Don’t register for national service

1966–75

Donated by John Ellis

Museum of Australian Democracy collection

In November 1964 Prime Minister Robert Menzies announced his government’s decision to introduce a compulsory selective National Service scheme. The scheme required twenty-year-old men to register with the Department of Labour and National Service and, if selected, to serve in the regular Army for two years of full-time continuous service (reduced to eighteen months in 1971), followed by three years part-time service in the Army Reserves. Selection was by means of a biannual ‘birthday ballot’ in which men were randomly selected by their date of birth. The ballot was conducted using a lottery barrel and marbles representing birth dates.

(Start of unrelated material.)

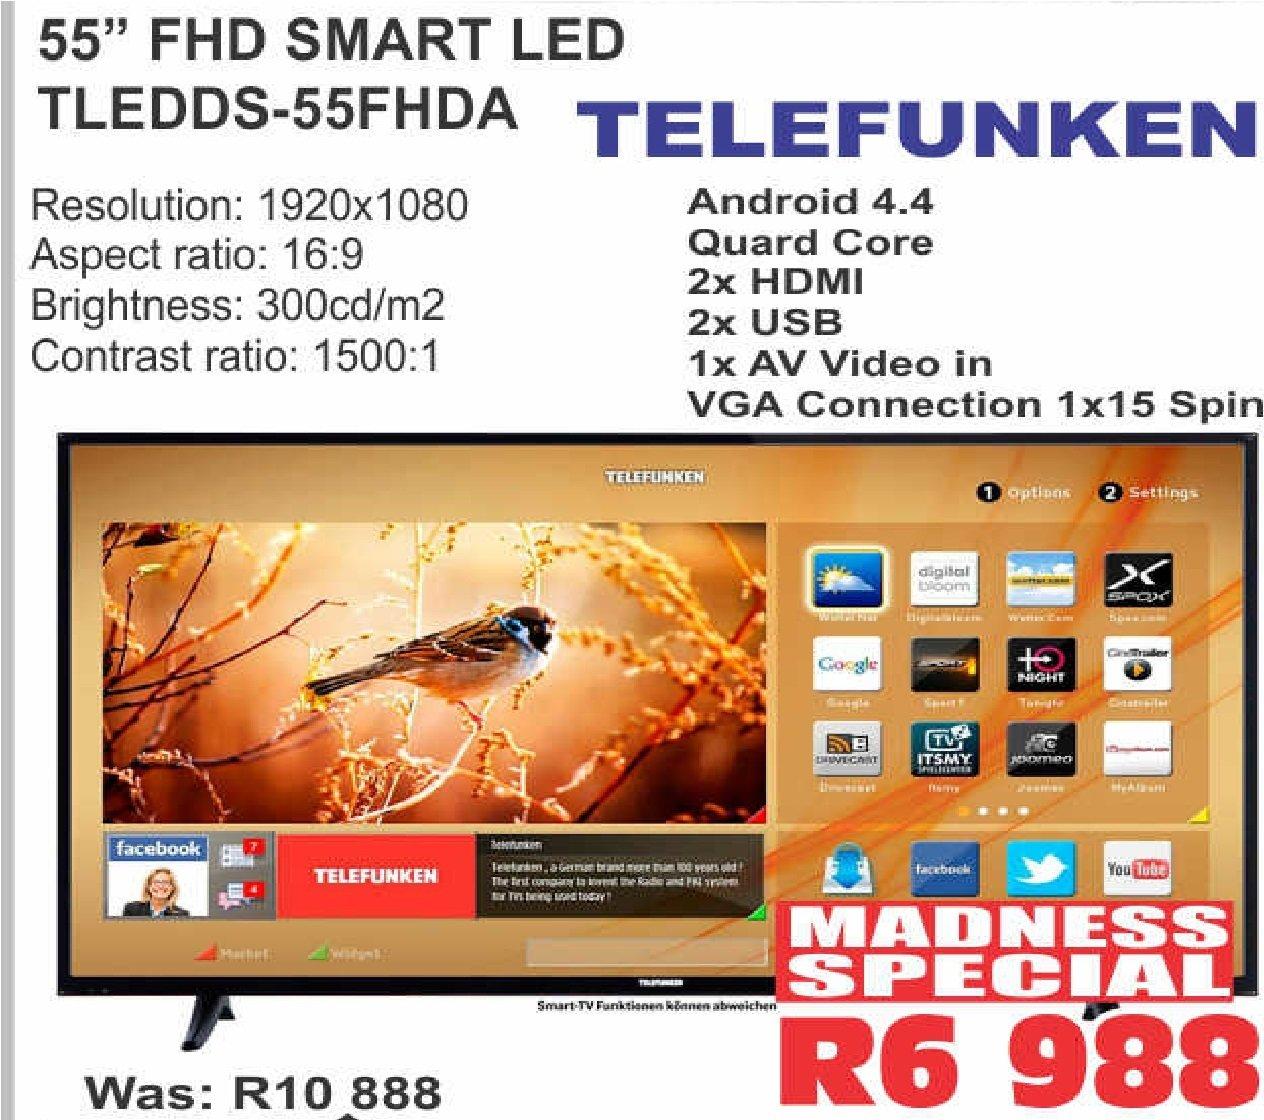 "TELEFUNKEN 55""FHD SMART LED TLEDD-55FHDA"

In May 1965 the Defence Act was amended to enable the government to send conscripts to serve overseas and in March 1966 Prime Minister Harold Holt announced that National Servicemen would be sent to Vietnam. Between 1965 and 1972 more than 15,000 National Servicemen fought in the Vietnam War, and 200 were killed.

From 1966 public opposition to conscription and to Australia’s involvement in the Vietnam War intensified. In 1973 the newly-elected Whitlam Labor government amended the National Service Act to abolish conscription.

The donor of this badge, John Ellis, writes:

I wore this badge to anti-war demonstrations and also on a regular basis to work and other events during the 1960s and 1970s at the time of the Vietnam War. I wore [it] as a token of my opposition to sending young men away to fight in a war that was basically a civil war and not a war of aggression against Australia.

Conscription is against civil liberties. It especially affected me as my two sons were soon to reach conscription age. I was against Australians fighting in a war just to appease the USA. This badge is important to me for all of these reasons and I wore it to let people know how I felt and hopefully to influence them.